Tuesday, 9 August 2016

Day 12 - Transfer to Zimbabwe

personal speedboat and captain!
Sad to go and even sadder to realise it was the last leg of our trip, we packed our bags, had another river-front breakfast and waited till it was time to leave.
Our transfer to the Vic Falls River lodge in Zimbabwe took 3 drivers, 2 passport checks and a speed boat! Yes, a luxury speedboat all to ourselves - we couldn't believe it. We had assumed we would be driving there, crossing the bridge over the gorge and north along the river - so you can imagine our shock when shortly after leaving the town of Vic falls, our driver pulled down a tiny track and let us out at a jetty. We were met by the captain, "Polite", and our bags were loaded onto a snazzy-looking, leather-seated speedboat and we headed upstream to the lodge. Awesome. We felt like royalty.
inside our tent at Vic Falls River Lodge!
chilling on the balcony of our tent overlooking the Zambezi
On arrival at the lodge, we were met by "Cuda", an over-excited new starter that spoke English with an American drawl and oddly repeated himself a number of times - we guessed it to be nerves. After a quick tour of the main lodge house, we were shown to our tent which has two showers, a free-standing bath and a plunge pool on the balcony! so we chilled there a while before returning to the open dining area for yet another luxury lunch. I'm down to only a single pair of trousers now... not through a lack of washing, but an over-abundance of good food, beer and wine.
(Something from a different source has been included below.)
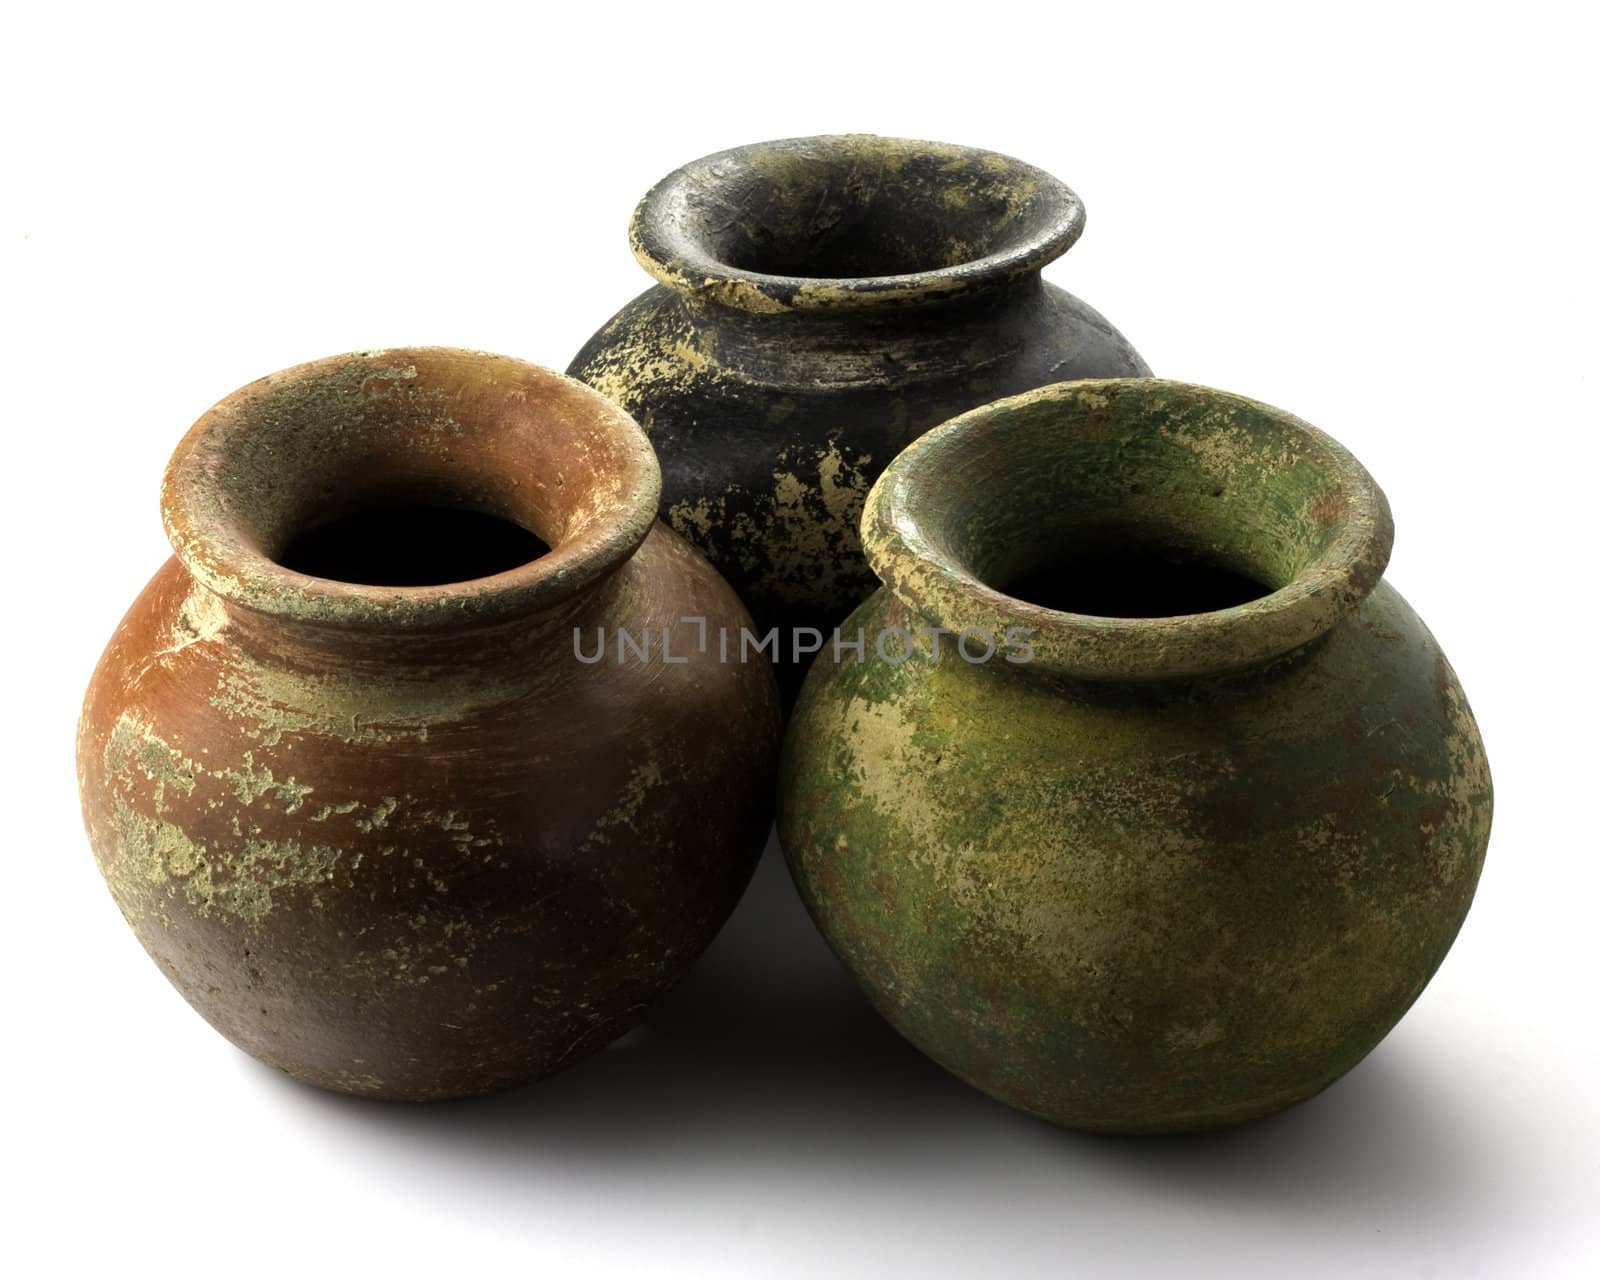 three rough clay plant pots by PixelsAway

We retired to the bar area to blog a little and watch the warthogs snuffling in the grass on the bank, before deciding that our own balcony had a nicer ambience as well as a troop of baboons, monkeys and a family of about 20 mongoose running around.
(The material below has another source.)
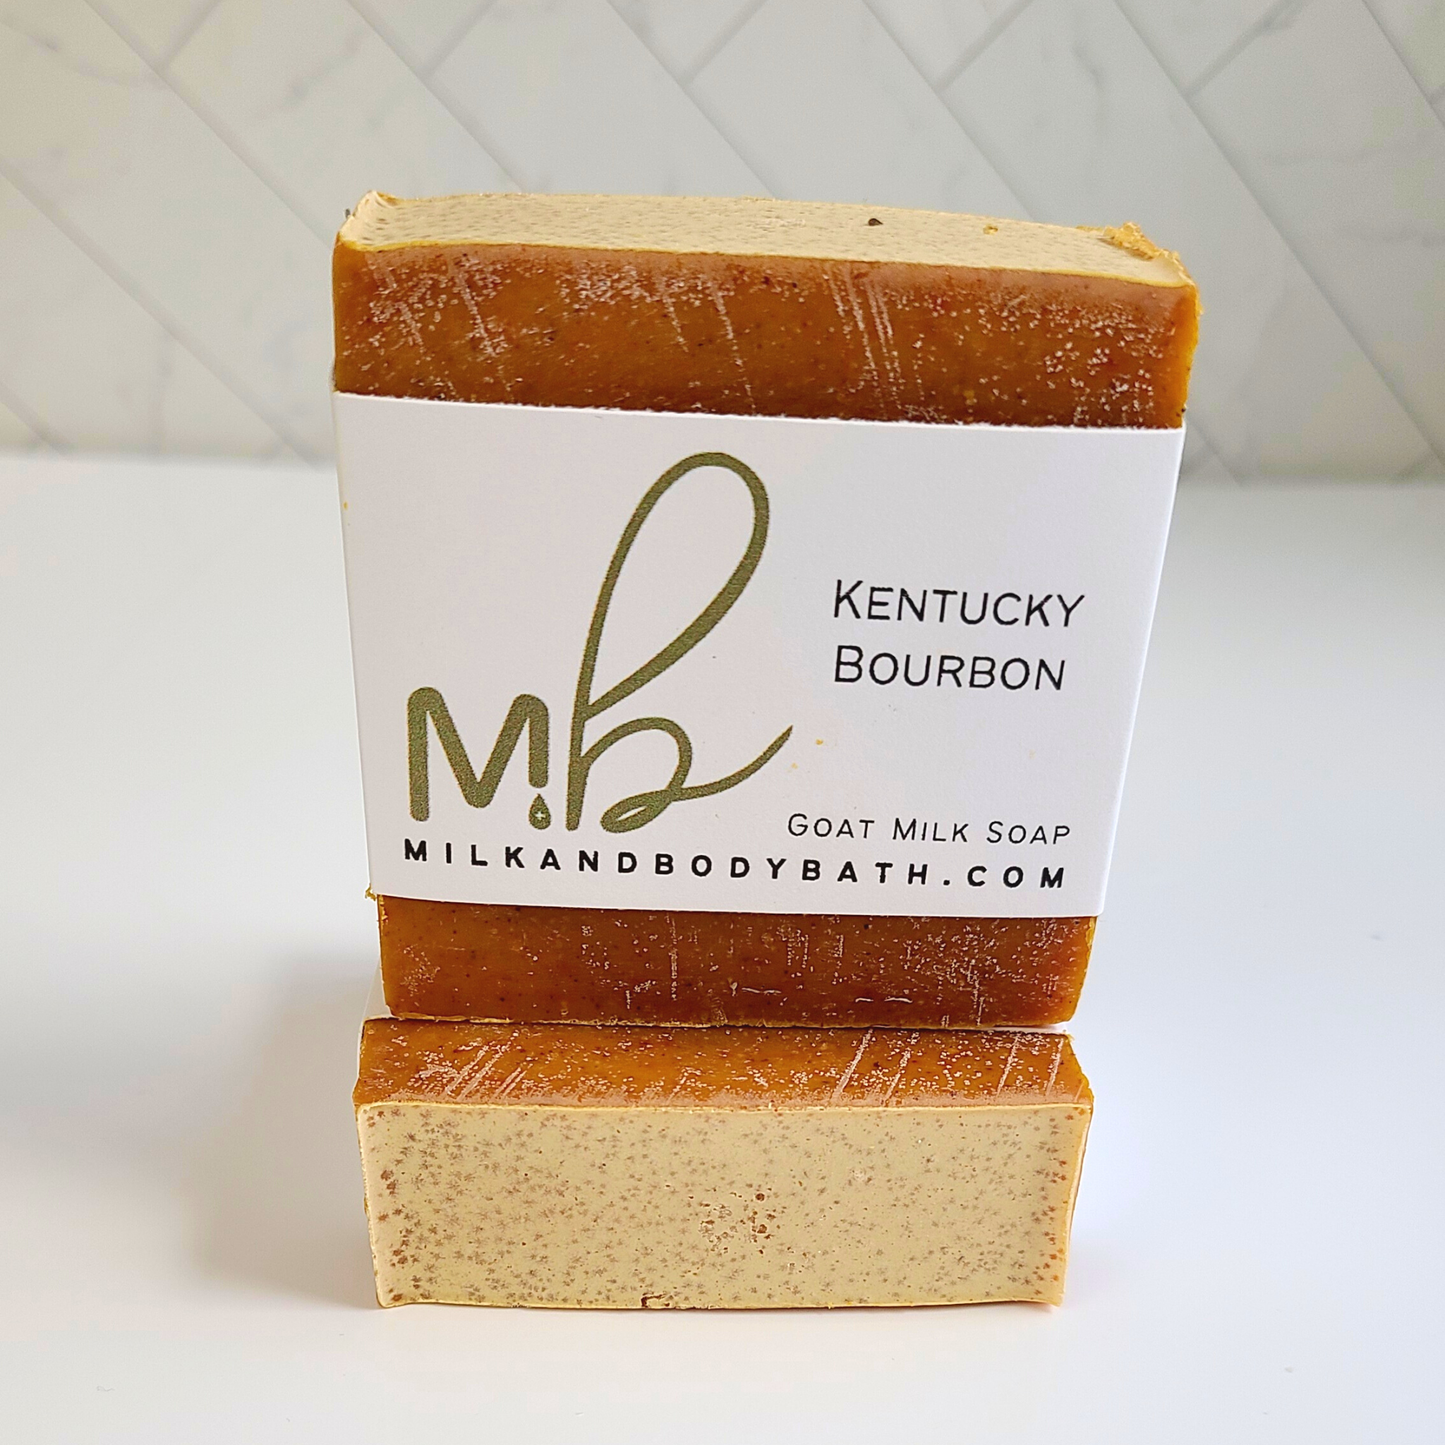 Kentucky Bourbon Goat Milk Soap

Monster Baobab tree with grazing giraffe
Polite took us on a game drive at dusk, by sheer luck just the two of us, and we saw baboons, vervet monkeys, kudu, waterbuck, impala, maribou stork, warthogs, 4 giraffe, zebra, kingfishers, hammerkop and guinea fowl. No cats sadly, or hyena, but apparently they are rare here. Poached too much in previous years and so numbers are still low in the area. We were given interesting facts about Aardvark and their dens and taught the many uses of the awesome Baobab trees which stand like ancient guards over the bush - one of which they believe is almost 1,000 years old.
Polite picked a beautiful spot on the river for our Zambezi sundowners, watching the kingfishers and wishing we could stay longer. We now know that we had accidentally chosen the very best time of year to visit the river as the water is quite low and so you can see the dozens of small islands and dead trees that litter the riverbed. It was a lot to take in and one after the after the scenes kept appearing before us like something from a Rudyard Kipling book.
As soon as we arrived back at the lodge, we were told there were Elephants outside lodge number 5, so we jumped back in the truck and headed over there in the dark to spot Eles by torchlight - sadly they'd already gone when we got there, so we freshened up for dinner and Joshua escorted us back to our lodge for bed by 9pm. shattered, but happy.